Haff v. Comm'r

2015 T.C. Memo. 138, 110 T.C.M. 106, 2015 Tax Ct. Memo LEXIS 147
CourtUnited States Tax Court
DecidedAugust 3, 2015
DocketDocket No. 6500-13.
StatusUnpublished

This text of 2015 T.C. Memo. 138 (Haff v. Comm'r) is published on Counsel Stack Legal Research, covering United States Tax Court primary law. Counsel Stack provides free access to over 12 million legal documents including statutes, case law, regulations, and constitutions.

Bluebook
Haff v. Comm'r, 2015 T.C. Memo. 138, 110 T.C.M. 106, 2015 Tax Ct. Memo LEXIS 147 (tax 2015).

Opinion

HENRY J. HAFF AND DIANE M. LIS HAFF, Petitioners v. COMMISSIONER OF INTERNAL REVENUE, Respondent
Haff v. Comm'r
Docket No. 6500-13.
United States Tax Court
T.C. Memo 2015-138; 2015 Tax Ct. Memo LEXIS 147; 110 T.C.M. (CCH) 106;
August 3, 2015, Filed

Decision will be entered under Rule 155.

*147 William H. O'Toole, for petitioners.
Alexander R. Roche, for respondent.
PUGH, Judge.

PUGH
MEMORANDUM OPINION

PUGH, Judge: In a notice of deficiency dated March 12, 2013, respondent determined a deficiency in petitioners' 2009 Federal income tax of $263,015.
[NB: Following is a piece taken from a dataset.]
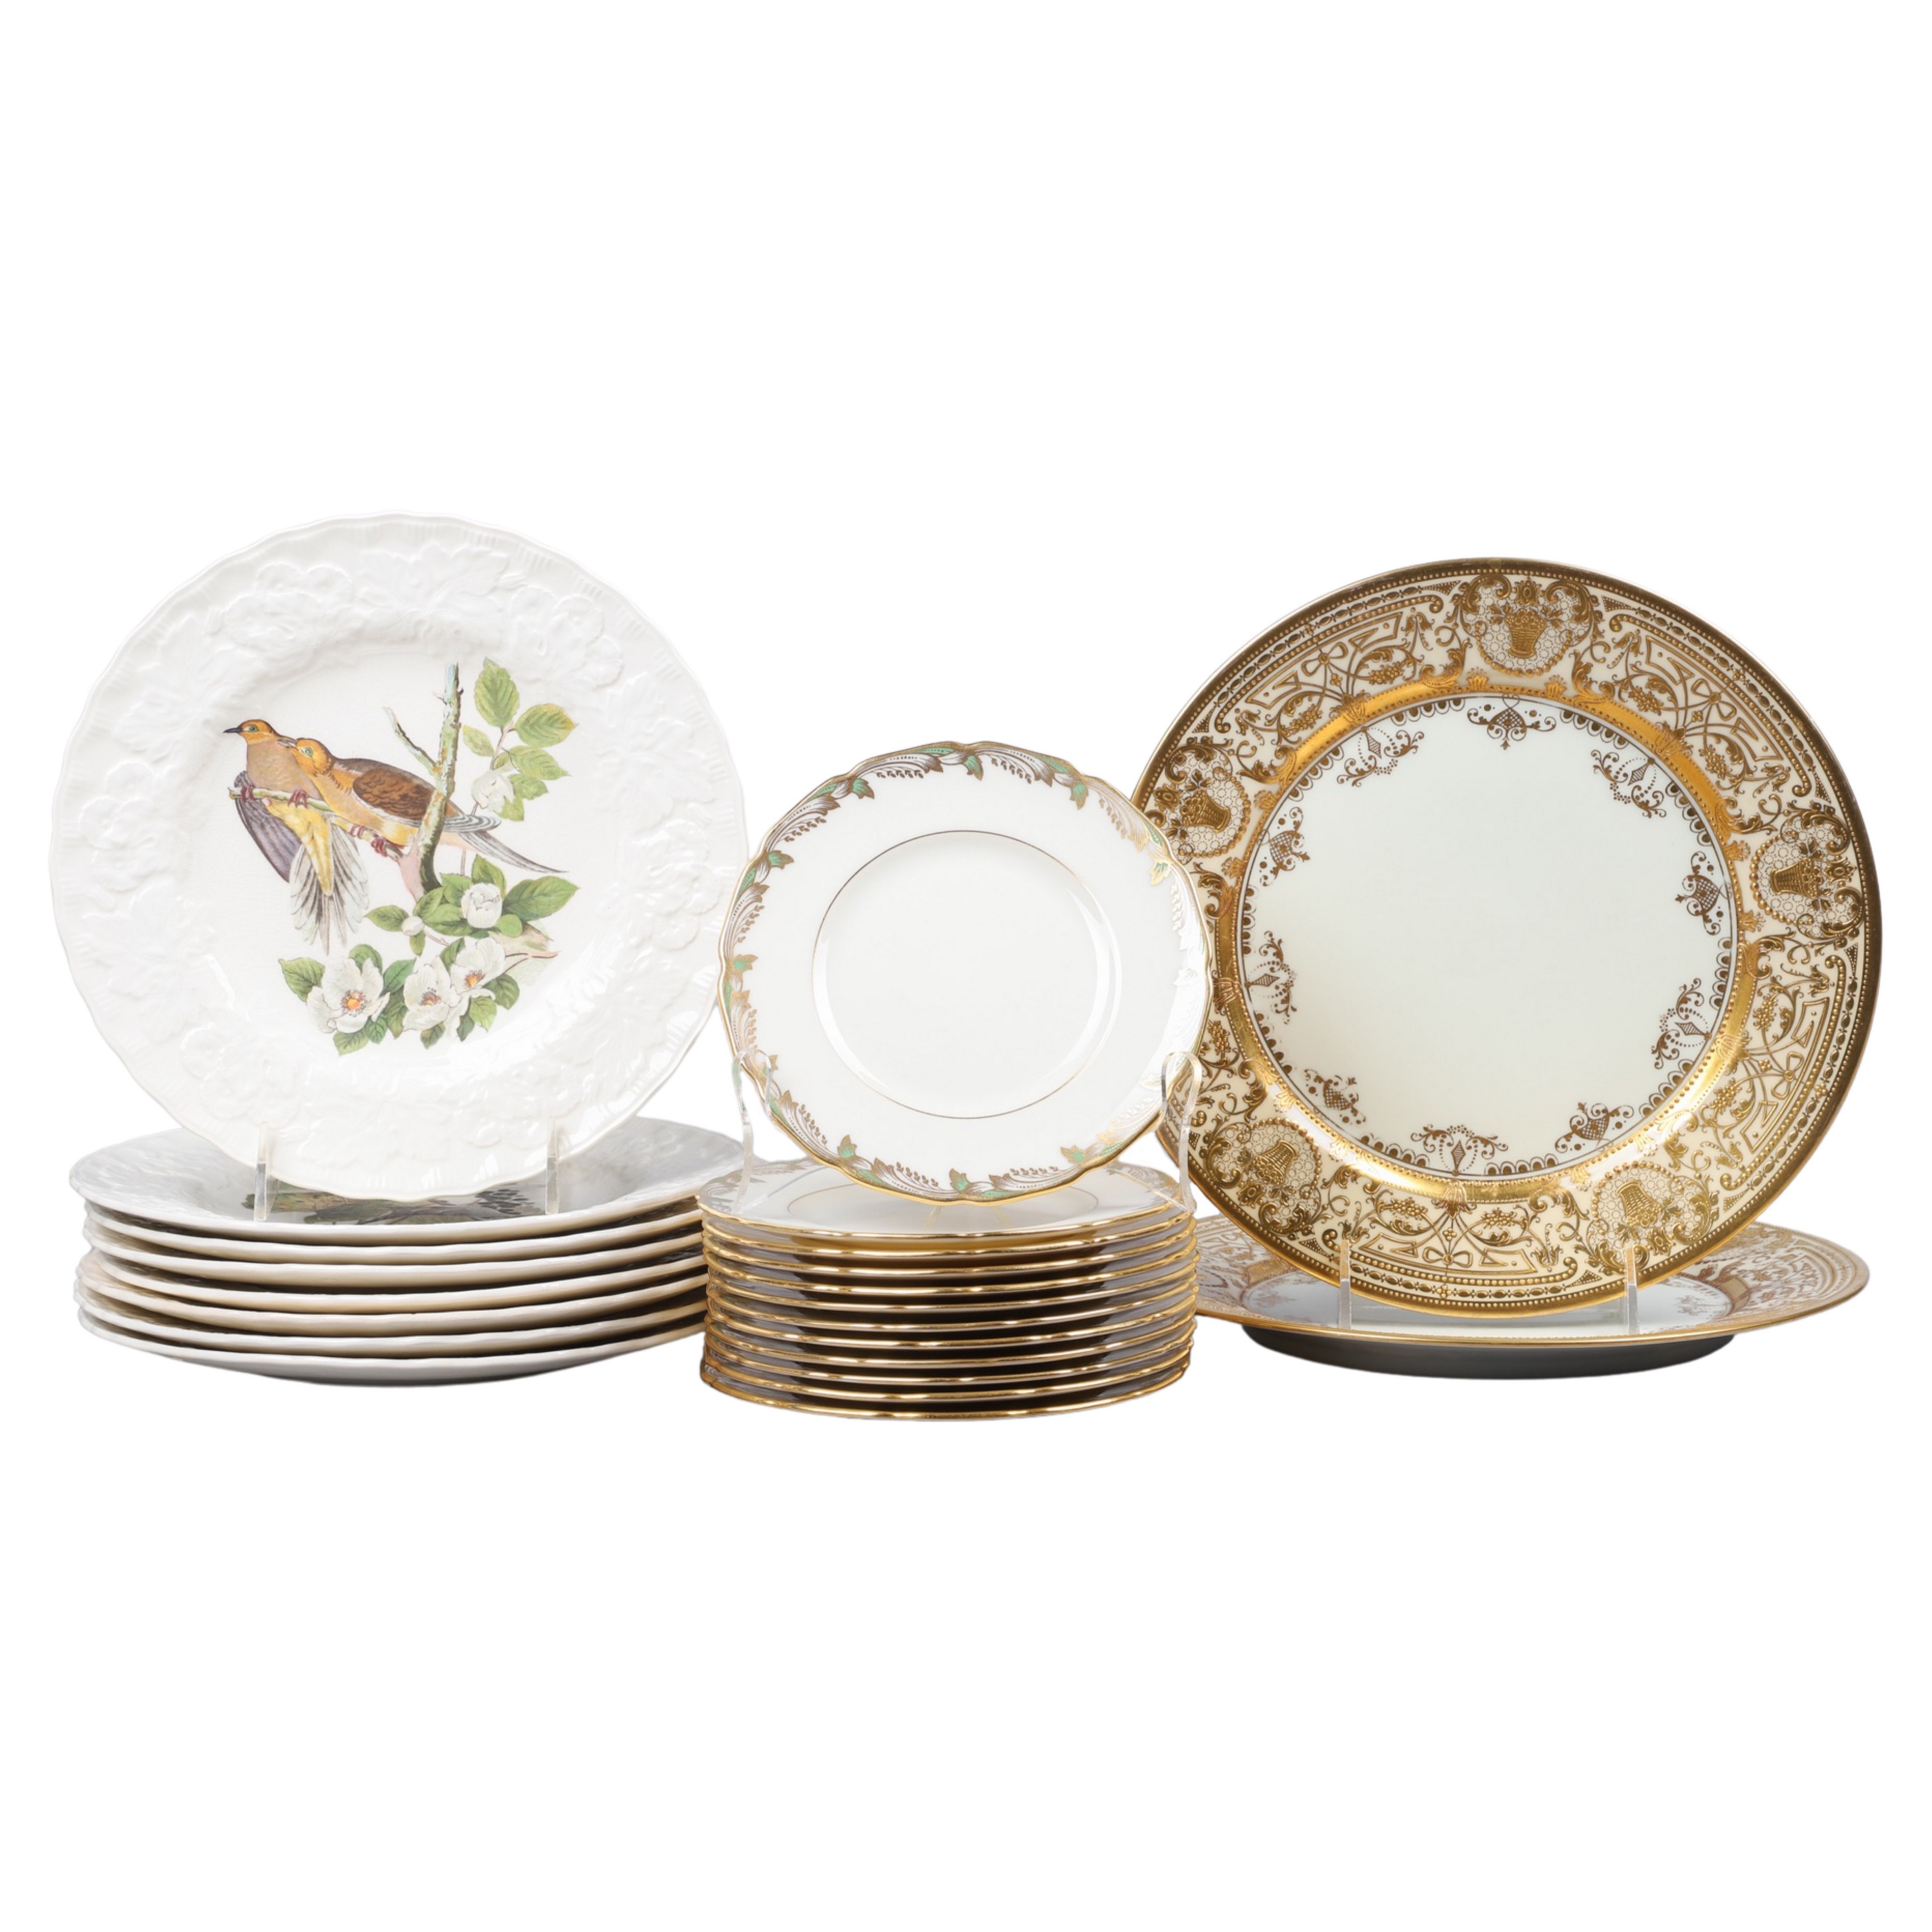 Porcelain plate grouping to include 30ff8c

The issue for decision is whether petitioners are entitled to an additional $730,786 in deductions related to a loss from a Ponzi scheme for the taxable year *139 2009. The disallowance of their deductions gives rise to the deficiency in this case.

Background

This case was submitted fully stipulated under Rule 122.1 The stipulated facts are incorporated in our findings by this reference. Petitioners resided in the State of Illinois at the time they filed their petition.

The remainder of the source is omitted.